自動車業界が急速に変化、スバルはどうする
「自動車史として、次元が変わる技術進化が起きている」。スバルの吉永社長は、独ダイムラーがメルセデス・ベンツの戦略として掲げる「CASE」という言葉に言及しつつ、現在の自動車業界をこのように分析した。CASEはConnected(つながるクルマ)、Autonomous(自動運転)、Shared & Service(カーシェアリング)、Electric Drive(クルマの電動化)という4つの言葉の頭文字だ。
このような状況の中、スバルは試験研究費を前期の1142億円から1340億円に増やす。何に注力するのかといえば、吉永社長が強調したのが電動化の部分だ。

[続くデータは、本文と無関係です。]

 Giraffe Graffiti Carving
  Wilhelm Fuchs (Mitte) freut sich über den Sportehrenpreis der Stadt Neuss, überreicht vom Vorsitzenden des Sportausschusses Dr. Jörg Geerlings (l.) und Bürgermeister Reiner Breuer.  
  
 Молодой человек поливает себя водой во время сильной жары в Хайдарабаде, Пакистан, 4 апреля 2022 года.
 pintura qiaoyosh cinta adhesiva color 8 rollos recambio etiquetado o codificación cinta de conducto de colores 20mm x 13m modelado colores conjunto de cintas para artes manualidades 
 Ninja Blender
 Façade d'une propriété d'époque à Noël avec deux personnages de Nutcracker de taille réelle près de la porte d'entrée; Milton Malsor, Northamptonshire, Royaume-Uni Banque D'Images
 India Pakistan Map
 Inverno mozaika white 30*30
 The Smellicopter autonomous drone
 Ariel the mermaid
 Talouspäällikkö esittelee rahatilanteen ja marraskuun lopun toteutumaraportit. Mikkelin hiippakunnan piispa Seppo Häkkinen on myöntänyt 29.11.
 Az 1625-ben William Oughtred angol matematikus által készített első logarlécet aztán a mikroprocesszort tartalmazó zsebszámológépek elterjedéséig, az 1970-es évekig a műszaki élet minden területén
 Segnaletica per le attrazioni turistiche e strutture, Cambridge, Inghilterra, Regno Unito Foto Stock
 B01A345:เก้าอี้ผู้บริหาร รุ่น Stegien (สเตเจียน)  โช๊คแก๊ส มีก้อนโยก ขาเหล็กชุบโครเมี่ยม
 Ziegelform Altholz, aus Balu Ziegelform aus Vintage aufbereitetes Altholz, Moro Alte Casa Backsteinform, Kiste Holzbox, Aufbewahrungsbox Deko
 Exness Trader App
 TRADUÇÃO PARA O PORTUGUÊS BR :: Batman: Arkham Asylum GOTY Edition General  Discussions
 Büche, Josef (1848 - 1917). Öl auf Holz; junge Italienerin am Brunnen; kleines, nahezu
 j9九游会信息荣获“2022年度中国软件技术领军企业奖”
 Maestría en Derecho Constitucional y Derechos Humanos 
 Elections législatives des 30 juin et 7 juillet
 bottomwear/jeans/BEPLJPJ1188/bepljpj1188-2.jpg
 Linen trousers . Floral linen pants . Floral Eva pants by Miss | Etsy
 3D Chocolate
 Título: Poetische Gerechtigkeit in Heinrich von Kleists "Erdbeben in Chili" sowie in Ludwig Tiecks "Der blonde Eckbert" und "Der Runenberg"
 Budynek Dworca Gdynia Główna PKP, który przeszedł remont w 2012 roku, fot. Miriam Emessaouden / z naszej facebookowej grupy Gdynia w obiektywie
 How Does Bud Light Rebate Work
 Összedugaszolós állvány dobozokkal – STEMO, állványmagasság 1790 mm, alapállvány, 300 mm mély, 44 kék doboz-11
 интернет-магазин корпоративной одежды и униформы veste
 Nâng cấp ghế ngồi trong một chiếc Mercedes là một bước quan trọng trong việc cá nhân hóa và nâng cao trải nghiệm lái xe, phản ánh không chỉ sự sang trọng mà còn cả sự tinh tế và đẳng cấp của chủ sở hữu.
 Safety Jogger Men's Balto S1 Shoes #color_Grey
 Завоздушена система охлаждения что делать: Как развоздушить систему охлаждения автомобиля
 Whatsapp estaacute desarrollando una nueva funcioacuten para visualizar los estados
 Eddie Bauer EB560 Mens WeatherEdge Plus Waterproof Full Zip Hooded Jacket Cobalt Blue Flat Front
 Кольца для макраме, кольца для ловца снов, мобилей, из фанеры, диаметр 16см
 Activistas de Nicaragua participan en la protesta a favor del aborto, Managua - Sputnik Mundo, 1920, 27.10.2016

ただ電気自動車(EV)を出せばいいというのではなく、「いかにスバルとして魅力あるEVを開発できるかが勝負」というのが吉永社長の考え方。電動化の方向性としては、プラグインハイブリッド車(PHV)については提携関係にあるトヨタ自動車から学び、EVの方でスバルらしいクルマを開発するという方針のようだ。
PHVは2018年、EVは2021年の発売を予定。スバルらしいEVの在り方は現時点で未知数だが、現状の商品群から考えれば、車重が重くてバッテリーの減りが早いといわれる、SUV型のEVに同社が挑戦する可能性もゼロではないだろう。
やるべきことは、きちんとやる
スバルといえば高い営業利益率が特徴の1つだが、試験研究費が膨らむことで、今後も減益の流れが続くとすれば、その特徴を維持するのは難しくなる。このあたりについて吉永社長は、2桁の利益率を維持していく方針に変わりはないと明言しながらも、業界の現状を踏まえ、「(試験研究費の増額のような)やるべきことは、きちんとやる」という考え方を示した。
販売台数は増加、売上高は増収、為替は好転を見通しながらも、営業利益は減益というスバルの今期業績予想だが、その中身を見ると、同社の姿勢が前向きであることを感じられた。